PA 331 begins at the West Virginia state border, at the eastern terminus of WV 67. The route heads east in Independence Township paralleling Buffalo Creek. After 1.8 mi, the route makes a left turn onto Mount Hope Ridge Road. PA 231 meets PA 331 in the community of Mount Hope and together head south towards the community of Acheson. After turning east, PA 231 exits the concurrency and PA 331 alone heads east following the course of Brush Run. After passing through the southernmost portion of Hopewell Township, it reaches its eastern terminus at PA 844 in Canton Township.

==History==
The route was established on May 27, 1935 on much of the same alignment it runs today. Prior to 2005, PA 331 followed a more direct route between the state line and Acheson by following Buffalo Creek in Independence and Donegal Townships. On August 30, 2005, the Pennsylvania Department of Transportation (PennDOT) closed and later removed one of the bridges over Buffalo Creek due to safety concerns.
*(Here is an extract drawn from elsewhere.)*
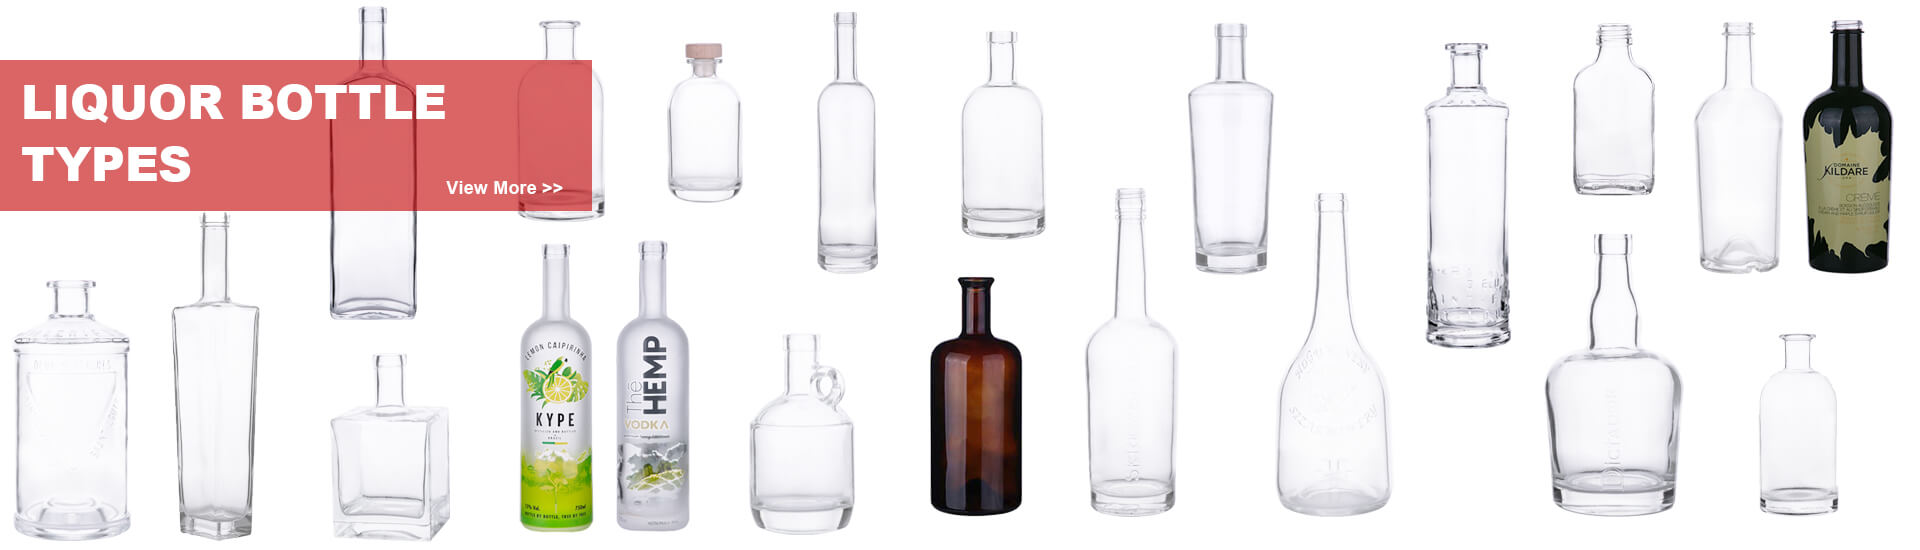 liquor bottles wholesale

By 2007, PA 331 was routed onto then-SR 4065 (Mount Hope Ridge Road) and PA 231 and the decommissioned sections of PA 331 became SR 3001, SR 4034, and SR 4036.

==Major intersections==

| Location | mi | km | Destinations | Notes |
| Independence Township | 0.000 | 0.000 | WV 67 west (Brush Run Road) | West Virginia state line; western terminus of PA 331 |
| 5.141 | 8.274 | PA 231 north (Scenic Drive) | Western terminus of PA 231 concurrency |
| 7.332 | 11.800 | PA 231 south | Eastern terminus of PA 231 concurrency |
| Canton Township | 14.508 | 23.348 | PA 844 (Jefferson Avenue) | Eastern terminus of PA 331 |
1.000 mi = 1.609 km; 1.000 km = 0.621 mi Concurrency terminus;

==PA 331 Truck==

Pennsylvania Route 331 Truck is a truck route bypassing a weight-restricted bridge over a branch over Brush Run on which trucks over 36 tons and combination loads over 40 tons are prohibited. The route follows PA 231 and PA 844 through Washington County, Pennsylvania. PA 331 Truck was signed in 2013.